Tali criteri devono essere sono stabiliti, caso per caso, tenendo conto della tipologia di sottocategoria, delle caratteristiche dei rifiuti, della valutazione di rischio riguardo alle emissioni della discarica e dell’idoneità del sito, potendo prevedere altre deroghe per specifici parametri, secondo le modalità di cui all’allegato 7, così che le autorità competenti, in fase di rilascio dell’autorizzazione e con adeguata motivazione, possono consentire l’ammissione nelle sottocategorie anche di quei rifiuti caratterizzati da parametri DOC e del Totale Dissoluti Solidi in discarica, cd «TSD», anche in misura diversa da quanto stabilito nella tabella 5 dell’allegato 4, nei limiti indicati dalla procedura di valutazione del rischio.

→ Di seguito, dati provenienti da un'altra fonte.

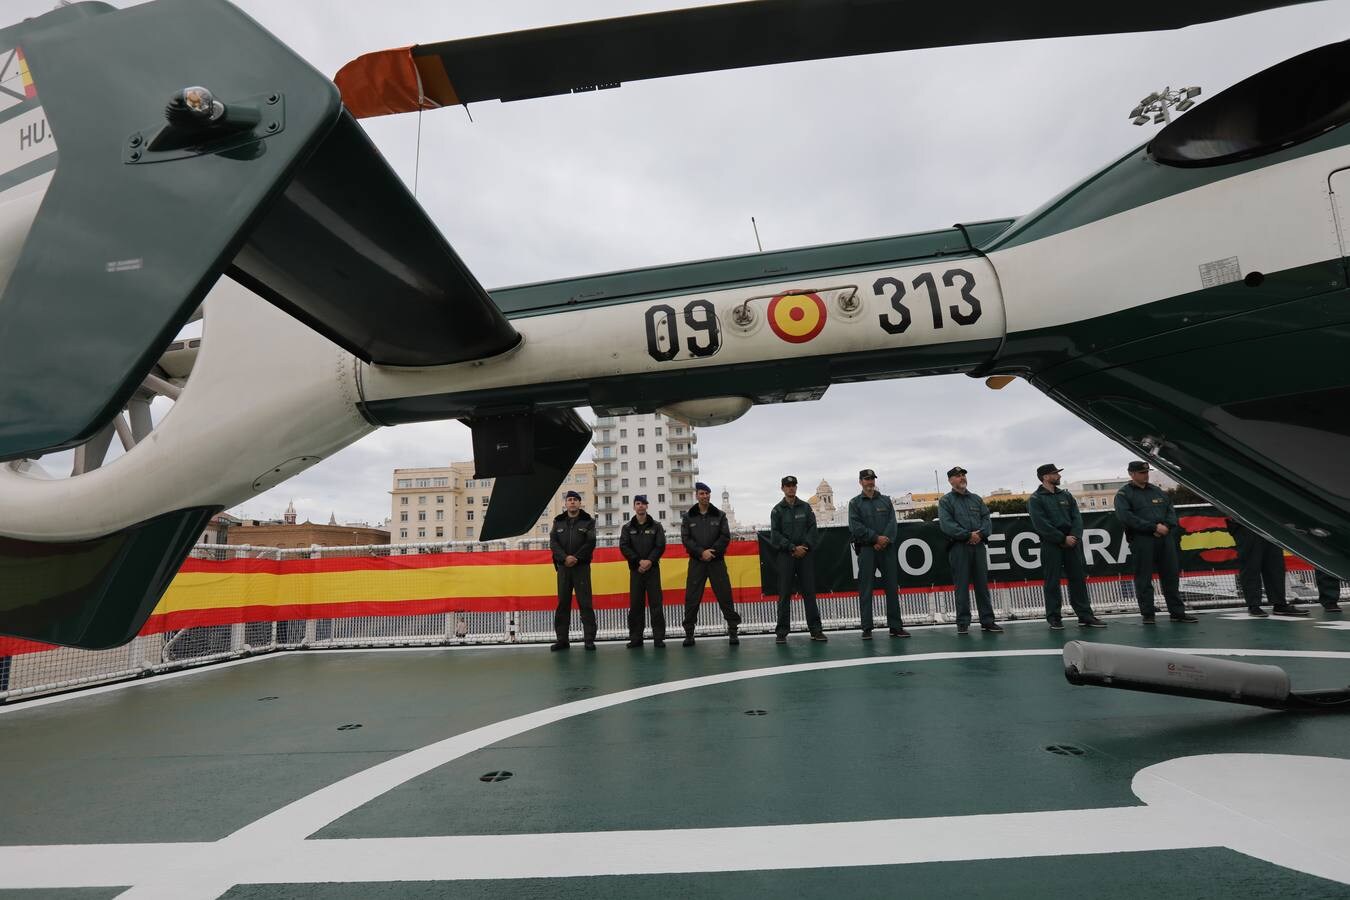 FOTOS: 25 aniversario de la creación del Servicio Marítimo de la Guardia Civil
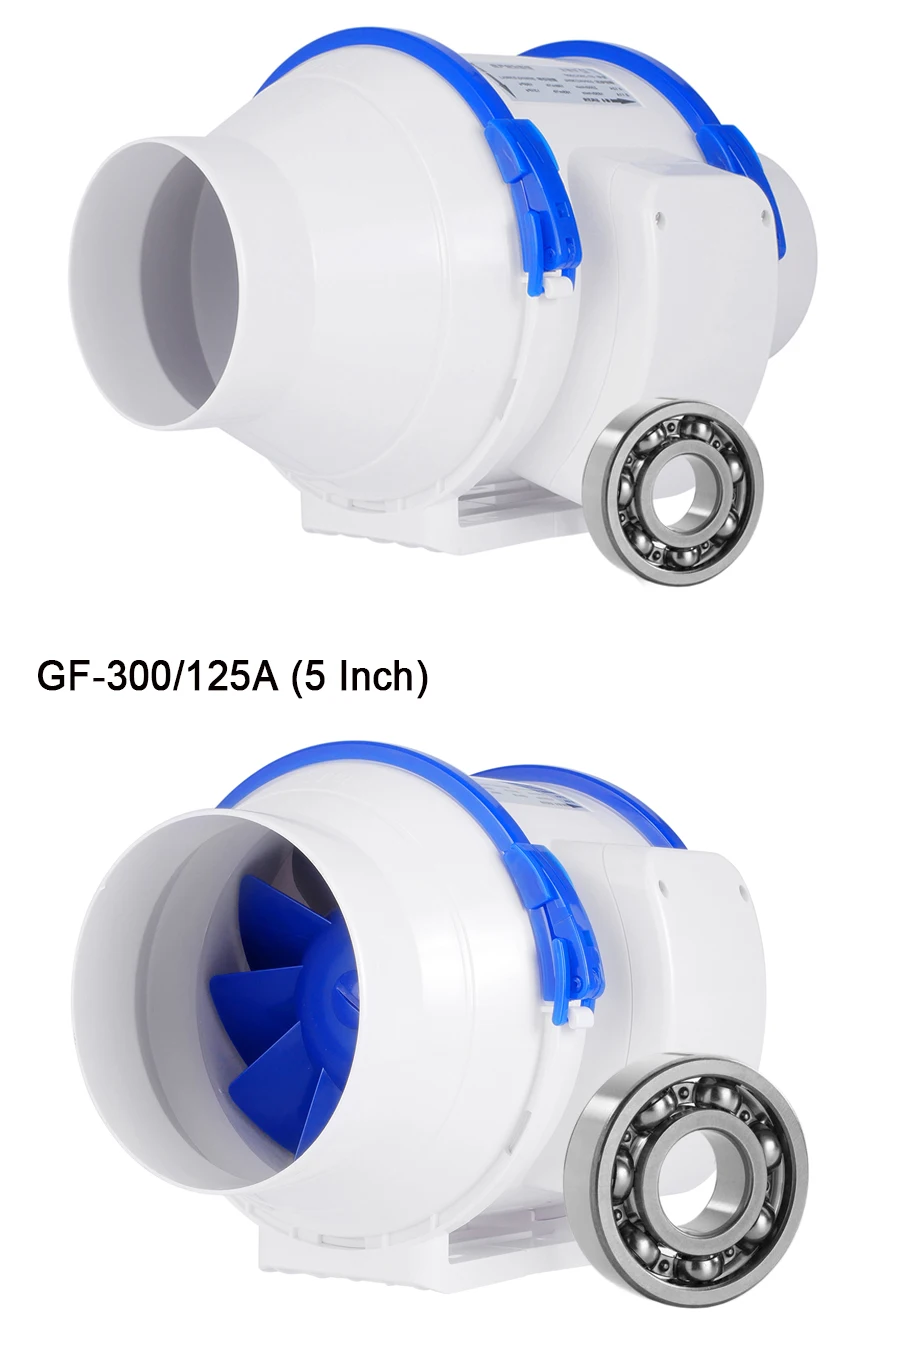 Hon& Guan 110 V встроенные вентиляторы, 5 ''(ø125mm) Встроенный воздуховод вытяжной вентилятор Макс поток воздуха 280m3/h для ванной комнаты, теплицы, гидропоники

Caratteristiche di rifiuto
In merito alla gestione del sottovaglio originato dal trattamento dei rifiuti urbani indifferenziati presso un impianto di biostabilizzazione, il Mase rileva come l’articolo 7, comma 1, del Dlgs n. 36 del 2003, prevede che i rifiuti possono essere collocati in discarica solo dopo una operazione di trattamento, come definito all’articolo 2, lettera h comprendendo i processi fisici, termici, chimici o biologici, incluse le operazioni di cernita, che modificano le caratteristiche dei rifiuti, allo scopo di ridurne il volume o la natura pericolosa, di facilitarne il trasporto, di agevolare il recupero o di favorirne lo smaltimento in condizioni di sicurezza.
Ne consegue che dal trattamento deve conseguire la modifica delle caratteristiche dei rifiuti, per ridurne il volume o la natura pericolosa, facilitarne il trasporto, agevolare il recupero o favorirne lo smaltimento in condizioni di sicurezza, fermo restando che l’effettuazione delle operazioni di trattamento non garantisce automaticamente l’efficacia di tali operazioni ai fini del collocamento in discarica, sottolineando il Mase che i rifiuti trattati devono in ogni caso rispondere ai criteri di ammissibilità stabiliti nell’autorizzazione dall’Autorità competente, ricordando agli uffici regionali, in ultimo, come le guida recante «Criteri metodologici per l’applicazione dell’analisi assoluta di rischio alle discariche» sia stata ritirata e non possa essere utilizzata come riferimento, in attesa che il SNPA concluda l’attività di aggiornamento.